The real answer is historical, and cultural. On the latter, Unix is a product of C (well, and BCPL) and C is a product of Unix. They two are intertwined heavily. The former is as was mentioned a product of the relative crappiness of early C++ compilers (and the overzealous OO gung-ho nature of its early adopters perhaps as well...)
C++ without exceptions, RTTI, etc. has a lot to offer for OS development. Working within the right constraints it can definitely make a lot of tasks easier and cleaner.
It won't happen in Linux, tho.
I call BS on this.
So many mistakes in C simply cannot be made in C++ if you follow the well-established coding patterns and don't try to switch to C-style code. e.g.: You just cannot simply forget to free any resource, because you never have to do it with RAII. You cannot forget to check a status code and return early because you don't have to; the exception will propagate until someone catches it. You cannot forget to initialize a vector because it initializes itself. I could go on and on.
That said, there is a huge caveat to what I am saying above: I am comparing experienced programmers in each language with each other -- those who are basically experts and know what they're doing. I'm not debating whether it's easier to shoot yourself in the foot with C++ if you use it with insufficient experience (and part, though not all, of the reason is that you will probably write C-style code most of the time, and write neither proper C nor proper C++). I'm saying that an experienced programmer is much more likely to write correct code in C++ than C.
What additional code?
> You can certainly avoid these things and use C++, but you can also avoid them by using C.
Right, but what you can't get with C is destructors and move/ownership semantics.
> I do think (possibly for the same reason) that it is harder to write correct C++ code than it is to write correct C code
The ability to write typesafe data structures with move/ownership semantics and specified interfaces while being a superset of C would lead some to say that this is not true.
All the code that you need in order to support smart pointers, templates, move/copy semantics, exceptions and so on. To paraphrase someone whose opinions you should take far more seriously than mine, you can't just throw Stroustrup's "The C++ Programming Language" on top of an x86 chip and hope that the hardware learns about unique_ptr by osmosis :-). There used to be such a thing as the sad story about get_temporary_buffer ( https://plus.google.com/+KristianK%C3%B6hntopp/posts/bTQByU1... -- not affiliated in any way, just one of the first Google results).
The same goes for all the code that is needed to take C++ code and output machine language. In my whole career, I have run into bugs in a C compiler only three or four times, and one of them was in an early version of a GCC port. The last C++ codebase I was working on had at least a dozen workarounds, for at least half a dozen bugs in the compiler.
Huh? unique_ptr has a customizable Deleter though; you should be able to provide a custom one so it doesn't call delete.
And doesn't a kernel implement a kmalloc() or something anyway? You would just write your own operator new and have it do what your kernel needs, and the rest of the standard library would just work with it.

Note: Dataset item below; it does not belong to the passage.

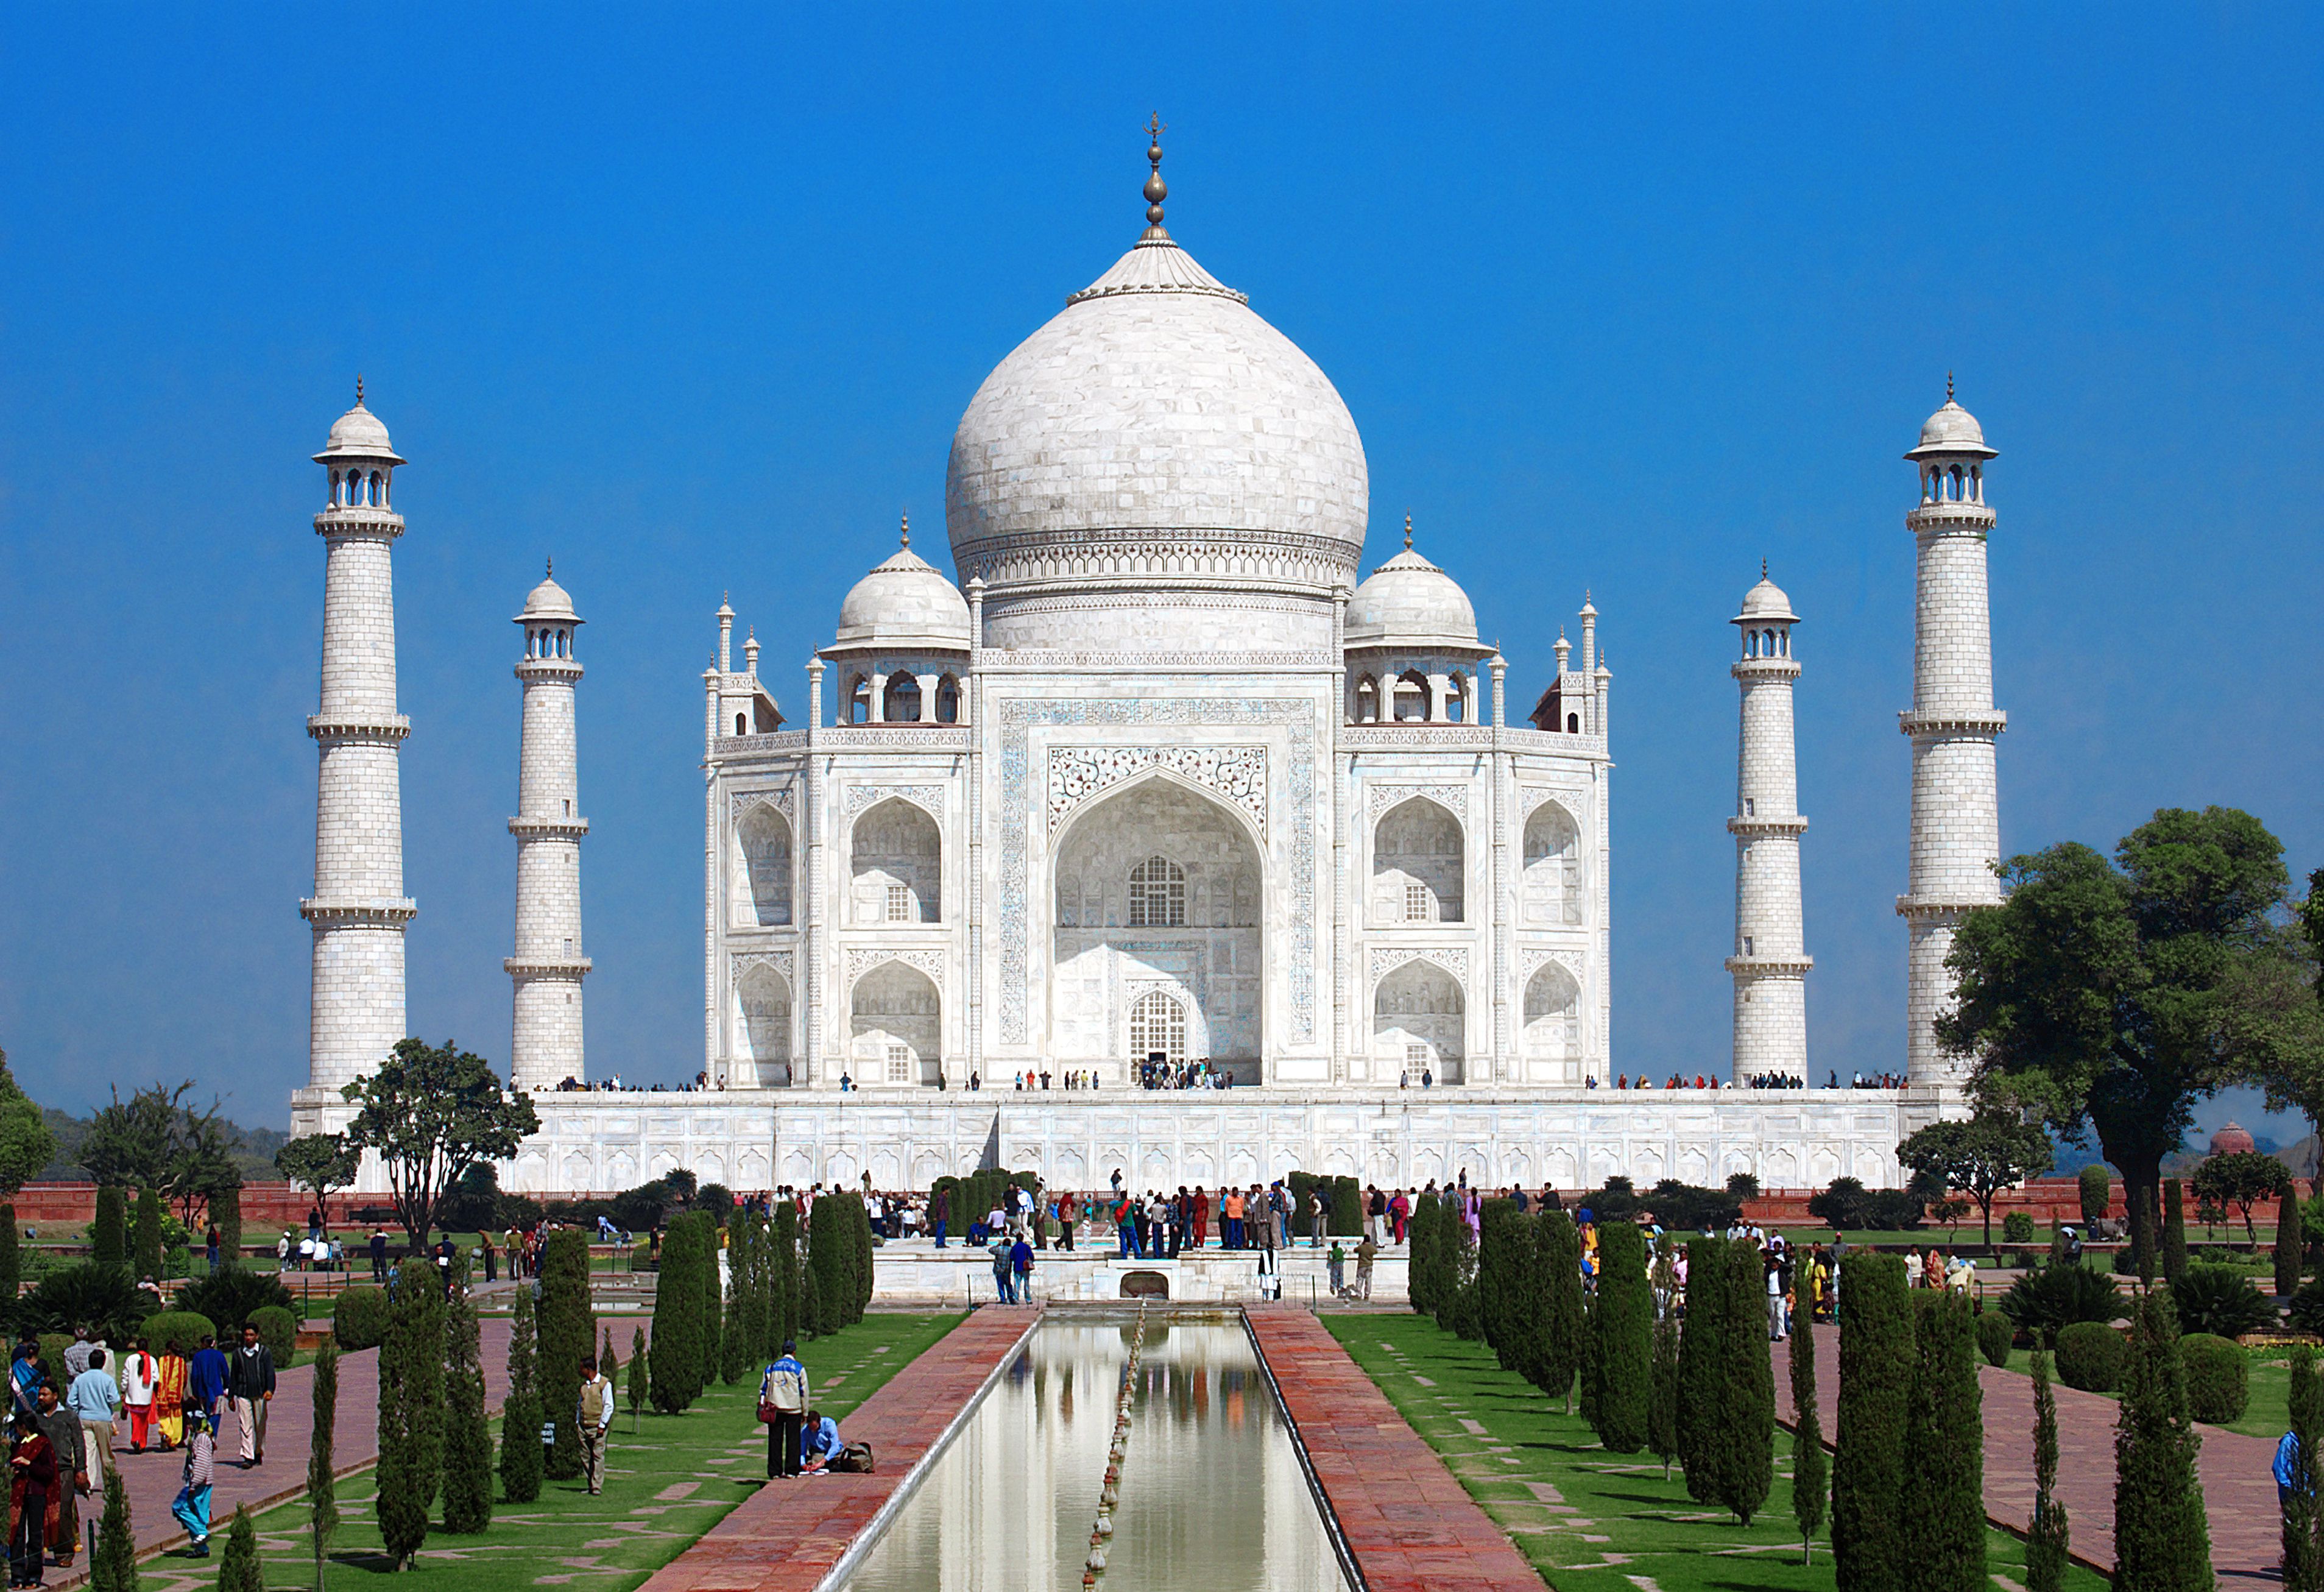  Agra : ताजमहल का दीदार होगा महंगा, 10 से लेकर 100 रुपए तक बढ़ेगी एंट्री फीस | Nation One

smart pointers are their own classes, and exceptions would certainly be disabled in kernel-mode, sure, but for the rest ? which additional code ? there's no magic behind templates and move semantics, and no run-time impact. It's purely a compile-time feature.
Unique_ptr is just a template and does not need the standard library. Also move/ownership semantics don't need unique_ptr.
> The last C++ codebase I was working on had at least a dozen workarounds, for at least half a dozen bugs in the compiler.
There are at least four compilers that been extensively production tested - ICC, GCC, MSVC and Clang. Which one had these bugs and was it kept up to date?
That was targeted at x86 with 2MB of RAM usage, though. So, I quickly looked for a microcontroller RTOS thinking that would be a good test. I found ScmRTOS that claims to be written in C++ with size being "from 1KB of code and 512 bytes of RAM" on up. So, it seems feasible to use C++ for small stuff. I'll also note that it has some adoption in high-assurance industry with standards such as MISRA C++ (2008) already available. They might be using powerful CPU's, though, so I looked up the MCU stuff.
The throwaways are talking safety features. I used to think that was a benefit of C++ over C. Following Worse is Better, that's no longer true: the ecosystem effects of C produced so many verification and validation tools that it's C language that's safer than C++ if one uses those tools. There's piles of them for C with hardly any in FOSS for C++ if we're talking about static/dynamic analysis, certified compilation, etc. I put $100 down that a CompCert-like compiler for C++ won't happen in 10 years. At best, you'll get something like KCC in K Framework.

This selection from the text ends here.